Laboratories use LIMS software for lab data management to store samples and associated data, track sample sequence, integrate instruments to eliminate prescription errors and prevent data loss.
What is the difference between Cerner vs Epic EHR?
Cerner and Epic are the top healthcare IT companies that offer EHR (electronic health record) software or healthcare software development services. Their EHR systems are the most recognized data integration solutions for healthcare.
To answer your question about the difference between them, let’s quickly go over Cerner Vs Epic pros and cons:
- Both EHRs (Epic and Cerner) need the help of healthcare compliance consultants to become HIPAA compliance solutions and meet regulatory needs.
- Epic provides EHR service to help you accomplish long-term IT goals
- Some users consider Epic to have a better UI design in healthcare than Cerner. However, Epic interoperability feature is relatively weaker than Cerner.
- Cerner is somewhat economical and offers better customer service than Epic.
- Users may find Epic interface more friendly than Cerner, but Cerner is a complete software with better reporting tools.
- In the comparison of Cerner, Epic integration is often criticized for not being up to mark.
- With Cerner HL7 integration and other built-in tools, data sharing from Cerner to other systems becomes easier.
What are HL7 messages examples, and what are they used for?
HL7 messages are different types of data sharing structures associated with “a trigger event”. The trigger event can be defined as an event that occurs to a patient in a healthcare setting. For instance, a patient is admitted or discharged from a healthcare facility.
Some of the most common HL7 message formats include ADT (Admission, Discharge, and Transfer) and ACK (General Acknowledgment). Through HL7 integration, this data in the form of HL7 messages are shared with other healthcare providers or disparate health data systems.
How do I understand the difference between HL7 vs FHIR?
HL7 (Health Level Seven) and FHIR (Fast Healthcare Interoperability Resources) are international standards developed to achieve interoperability among disparate medical diagnostic software and EHR data integration systems. These standards are committed to improving data sharing as the volume of data collection grows. However, they have different applications in healthcare organizations.

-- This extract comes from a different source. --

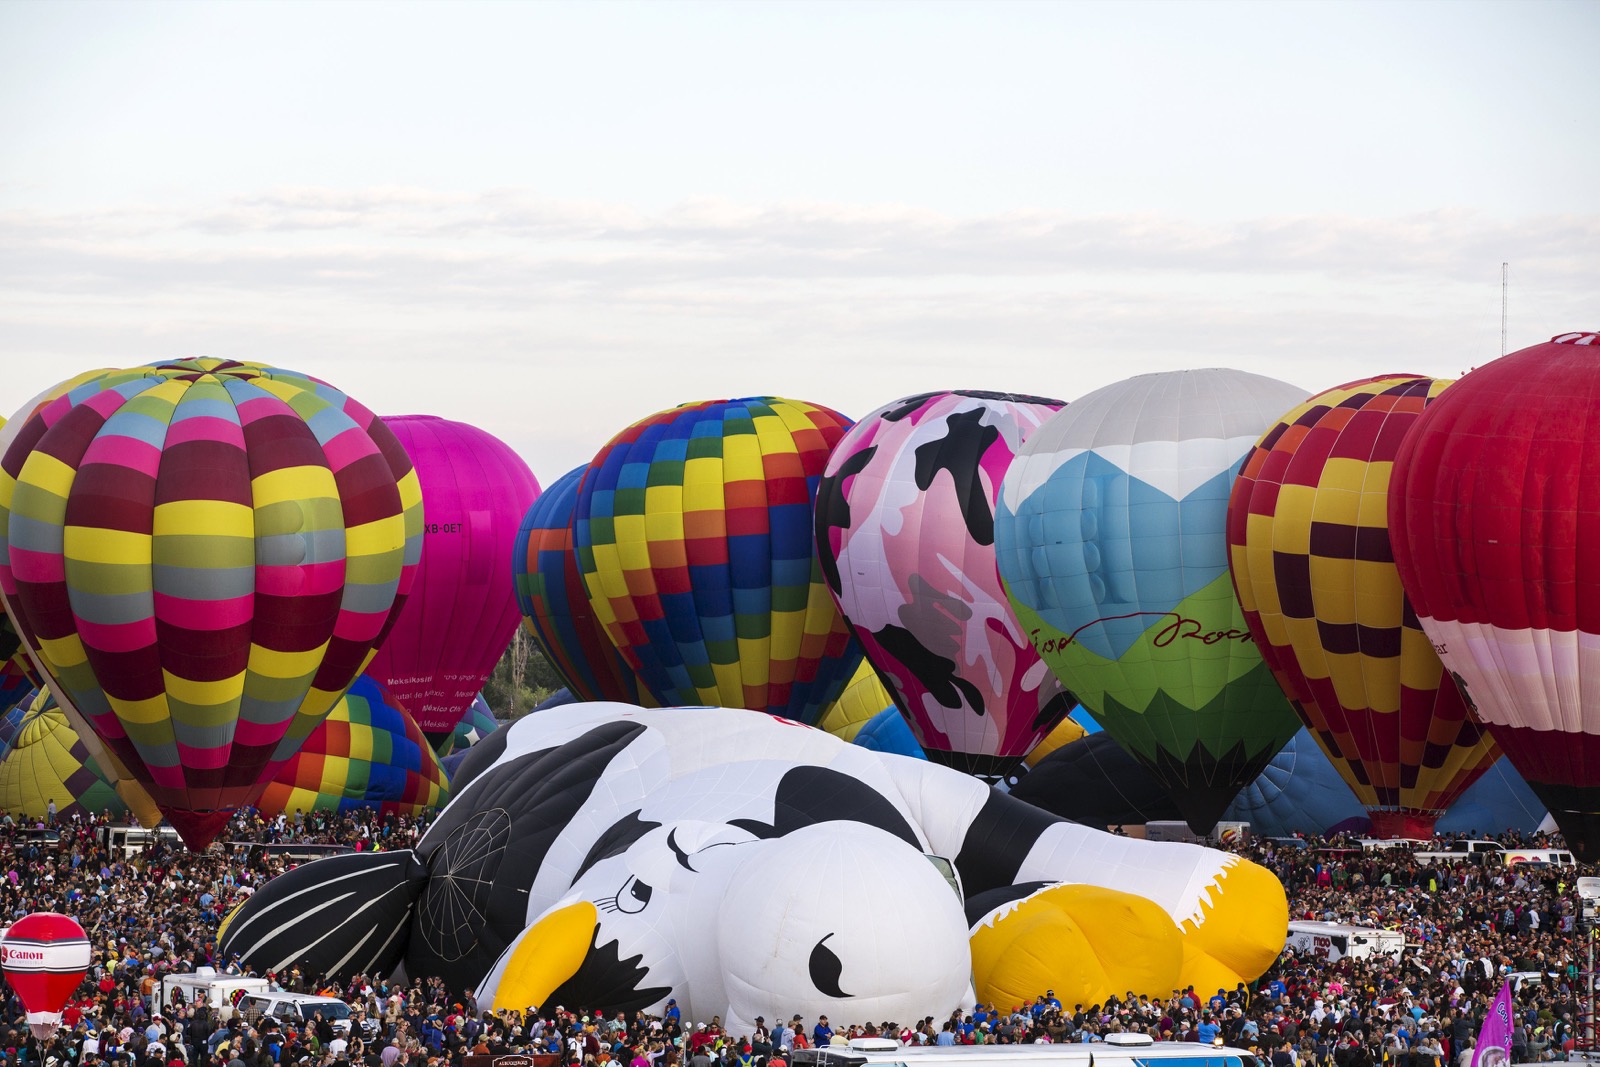 Hàng ngàn người tham quan đang tụ tập để xem khí cầu, xung quanh những khí cầu hình tròn truyền thống là một khí cầu hình con bò sữa đang nằm dưới đất.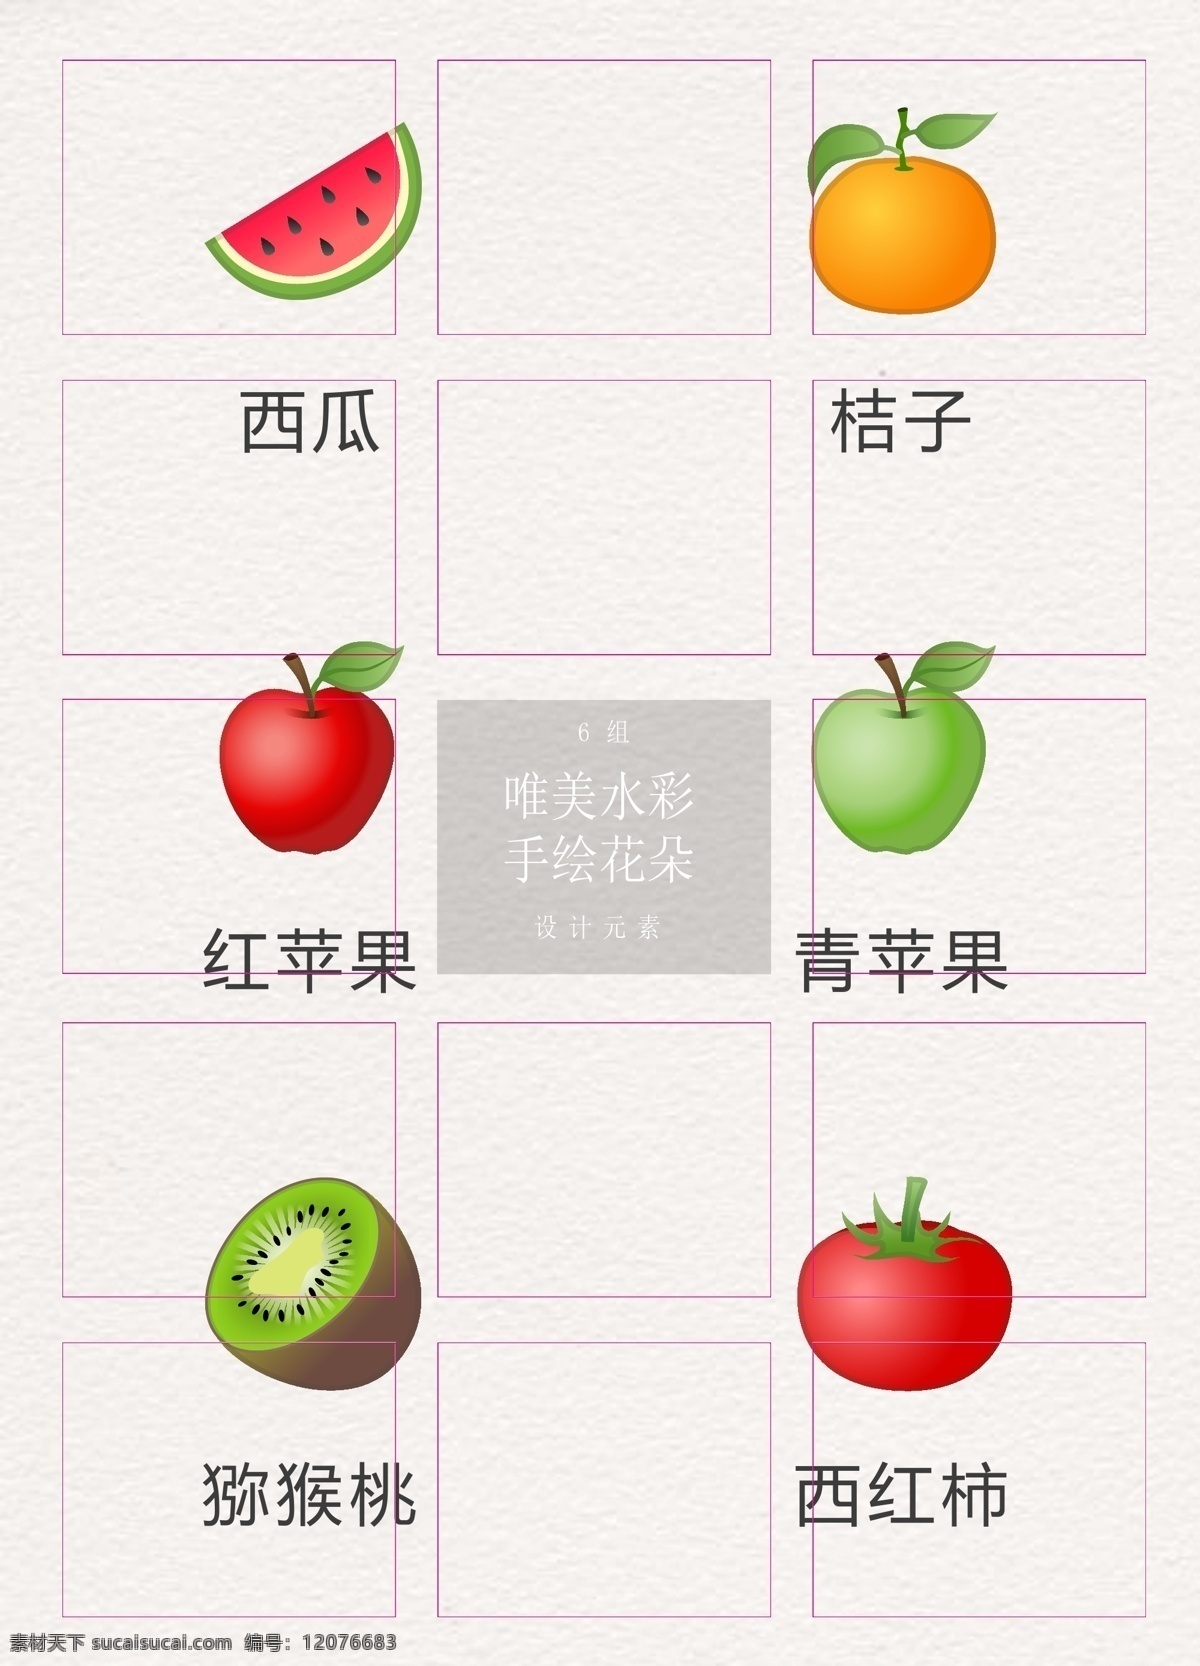 卡通 手绘 蔬果 元素 矢量图 西瓜 蔬菜 西红柿 蔬果元素 水果 桔子 红苹果 青苹果 泥猴桃

HL7 V2 (version 2) standards allow hospitals and medical practices to communicate clinical and administrative data with other systems. On the other hand, FHIR standards are more promising in nature and support universal interoperability. They connect mobile devices, wearables, and applications to leverage information without being affected by internet ambiguity.
What are electronic health records?
Electronic health records (EHRs) are an essential documentation of our health. They follow us throughout our lives.
EHRs are stored in hospitals and consist of 10 components of medical records in a hospital. These components include identification information, patient medical and medication history, and more to help medical professionals understand a patient’s health and anything else that improves care outcomes.
Although there are many EHRs, the most promising ones are developed by the best healthcare mobile app development company, such as Allscripts professional EHR by Allscripts software development company or Epic EHR by Epic.